I think the best way for us to be able to help you, if this answer isn't sufficient, would be if you could post a new question with the patent number you're looking at. We'd then be able to give you an interpretation of its claims, to give you a more solid idea of what it actually covers.


Now, in thinking about the differences between something produced at macro- versus micro-scale, it's worth noting a couple fundamental aspects of the patenting system.

Claims are key.

You wrote,

As a result the application of the preexisting patent on the cm scale would make most of their embodiments and claims unfeasible.

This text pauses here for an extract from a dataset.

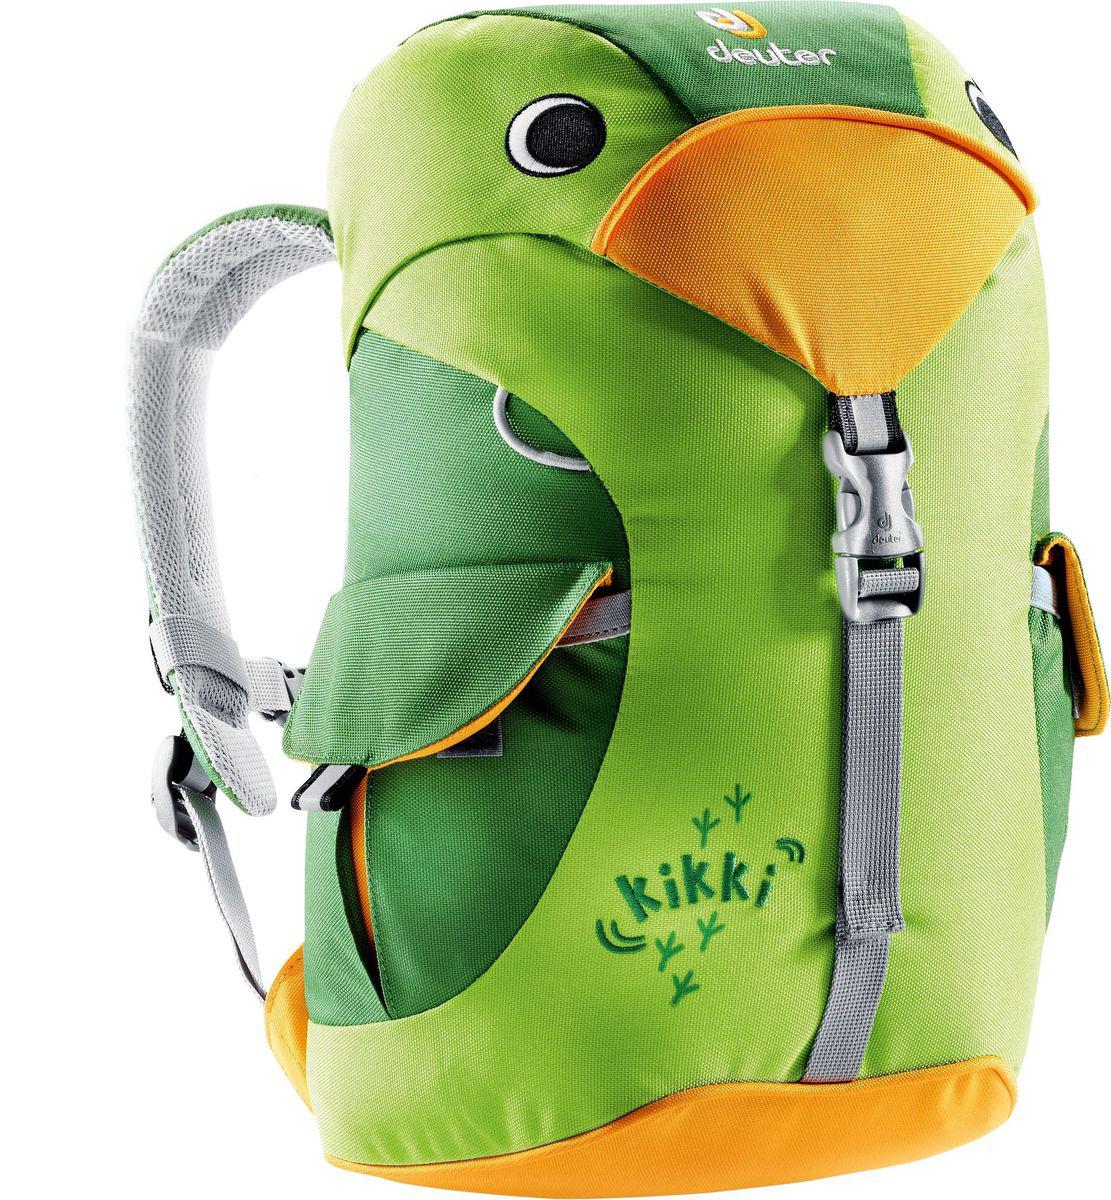 Рюкзак туристический детский Deuter Kikki, цвет: зеленый, 6 л36093_2206Рюкзак туристический Deuter Kikki.Этот рюкзак отлично подходит для малышей в детском саду или на прогулках. Рюкзачек веселый и заботливый, он изготовлен из экологичной ткани, отвечающей самым строгим стандартам. материал: Deuter-Super-Polytex BS объем: 6 л грудной ремень внутри есть именная бирка есть два наружных кармана с застежками светоотражающие элементы спереди и по бокам просторное основное отделение.Объем: 6 л.

If you clearly understand the claims of the previous patent or application, and they are solely dependent on the original scale of the invention, you can pretty well stop reading right now, and you should be fine.

A patent is only as good as its claims, so if they're for something other than what you're going for, it's pretty well irrelevant.

You can't patent an idea.

Section TL;DR: If the implementations differ enough between varied scales, you're probably alright, depending on the patent's text.

You can only patent an invention, or in other words, an implementation.

To extend your example, I can't patent "a way of holding water," but I might be able to patent "a water-tight cylinder with one closed end."

The difference here is fairly subtle, but you can imagine it more in a more serious case, of, for instance, a (looking at the thing in front of me), keyboard backlight. If I wanted to get a patent on my keyboard's backlight, hypothetically of course, I couldn't file an application claiming "a means to illuminating the keys on a keyboard." Rather, I'd have to claim something like "using a light source, from an LED or other form of illumination, mounted underneath individual keys on a keyboard." Neither of these are perfect examples, but they illustrate my point.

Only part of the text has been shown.